Business inventories (chart) were flat m/m in September, matching forecasts, and versus August's downwardly revised 0.8% increase.
Treasuries finished mostly higher, with the yield on the 2-year note little changed at 1.68%, while the yield on the 10-year note declined 5 basis points (bps) to 2.32% and the 30-year bond rate decreased 6 bps to 2.77%.
Treasury yields and the U.S. dollar remain under pressure as risk aversion appears to be continuing, with the global stock markets pulling back from the recent rally. Fiscal and monetary policy uncertainties are countering a relatively positive economic landscape, though caution has ramped up following soft Chinese economic data as of late. As such, check out our article, Does Low Market Volatility Portend a Market Tumble?, as well as Schwab's Vice President of Legislative and Regulatory Affairs, Michael T. Townsend's latest commentary, Tax Reform: Key Differences Between the Senate and House Plans.

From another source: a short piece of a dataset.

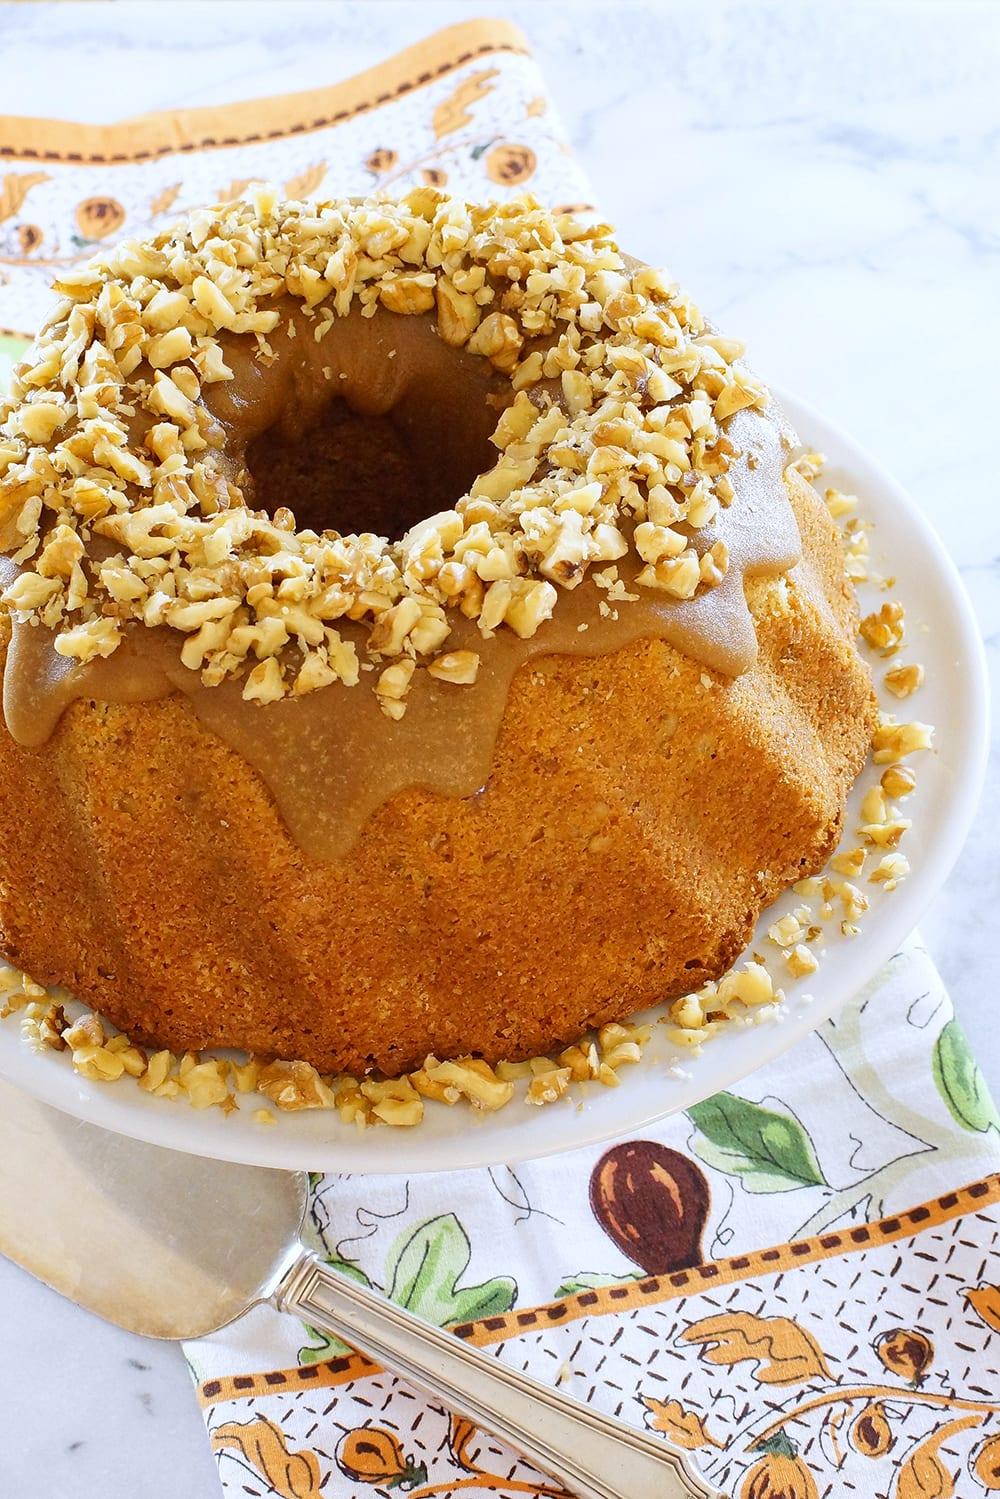 Pound Cake with Walnuts and Brown Sugar Glaze

Tomorrow, the U.S. economic calendar will offer the Import Price Index for October, expected to have increased 0.4% m/m, after rising 0.7% in September and weekly initial jobless claims, forecasted to have dipped to 235,000 from the previous week's level of 239,000. Additionally, we'll receive the Fed's October industrial production and capacity utilization report, forecasted to show production advanced 0.5% m/m and utilization ticked higher to 76.3%. The housing market will also garner attention with tomorrow's release of the NAHB Housing Market Index, with economists anticipating November's reading to inch lower to 67 from the 68 posted in October, where the 50 mark represents the point of separation for good versus poor conditions.

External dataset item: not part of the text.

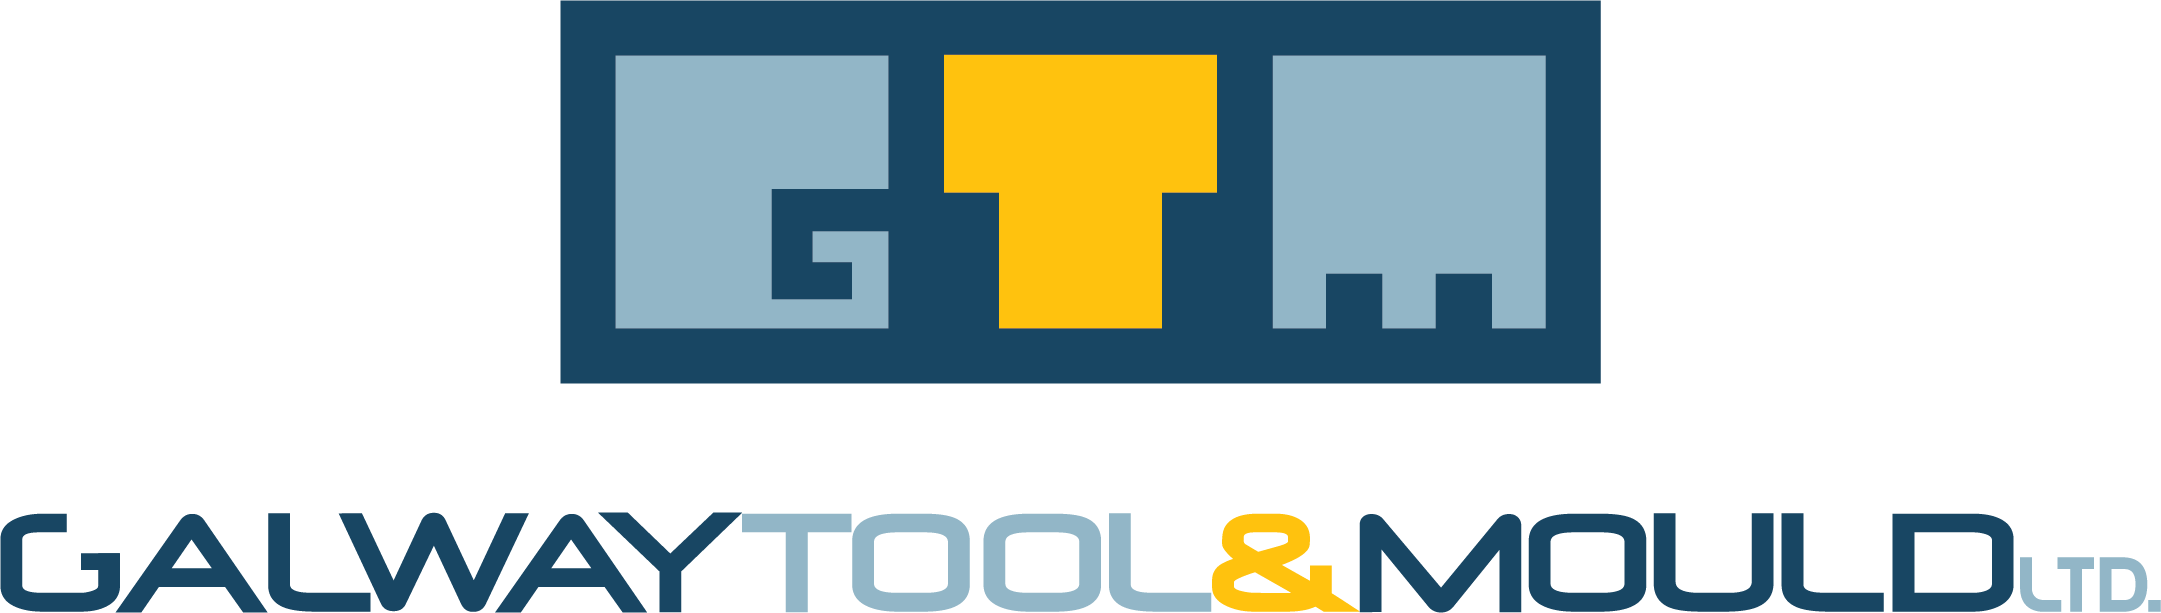 GTM-Logo-01

Europe sees pressure and Asia falls as global markets turn cautious
Most European equity markets traded to the downside, with energy and commodity-related issues seeing pressure amid the continued risk aversion in the markets, exacerbated by festering U.S. tax reform skepticism, recent disappointing Chinese economic data and the pullback in crude oil prices. However, Spanish stocks bucked the trend, bolstered by solid gains in the country's banking sector, which helped the European financial sector overcome early losses. The euro and the British pound were little changed versus the U.S. dollar, while bond yields in the region finished mixed. In economic news, the September eurozone trade surplus widened more than expected, while U.K. employment unexpectedly declined. As noted in the latest Schwab Market Perspective: Incredible, Amazing…Unstop-a-bull?, momentum favors the bulls for the foreseeable future, but elevated valuations and growing investor complacency pose risks that could lead to a long-awaited pullback and/or a pickup in volatility from today’s extremely low base.
Stocks in Asia finished broadly lower as the global markets appear to be skittish following the recent rally as U.S. tax reform uncertainty lingers and Chinese economic data has been softer than expected as of late. Japanese equities fell, with the yen gaining ground, while the nation reported Q3 GDP growth of 1.4% on a quarter-over-quarter annualized basis, missing the 1.5% projection and compared to the upwardly revised 2.6% expansion posted in Q2. Shares trading in mainland China and Hong Kong dropped, while stocks in Australia and South Korea also traded lower. Indian securities moved to the downside, on the heels of late-yesterday's disappointing October trade report.
Schwab's Chief Global Investment Strategist Jeffrey Kleintop, CFA, notes in his latest article, 5 Reasons Investors Should Give Thanks, the record breaking streak of gains in the global stock market this year has been supported by the broadest global economic growth in a decade. Stocks appear to closely track earnings growth, even where risks are most intense. Broad economic and earnings growth is expected to continue in 2018.
The international economic docket for tomorrow will include housing loans and machine tool orders from Japan, inflation expectations and employment data from Australia, the unemployment rate from France and retail sales from the U.K.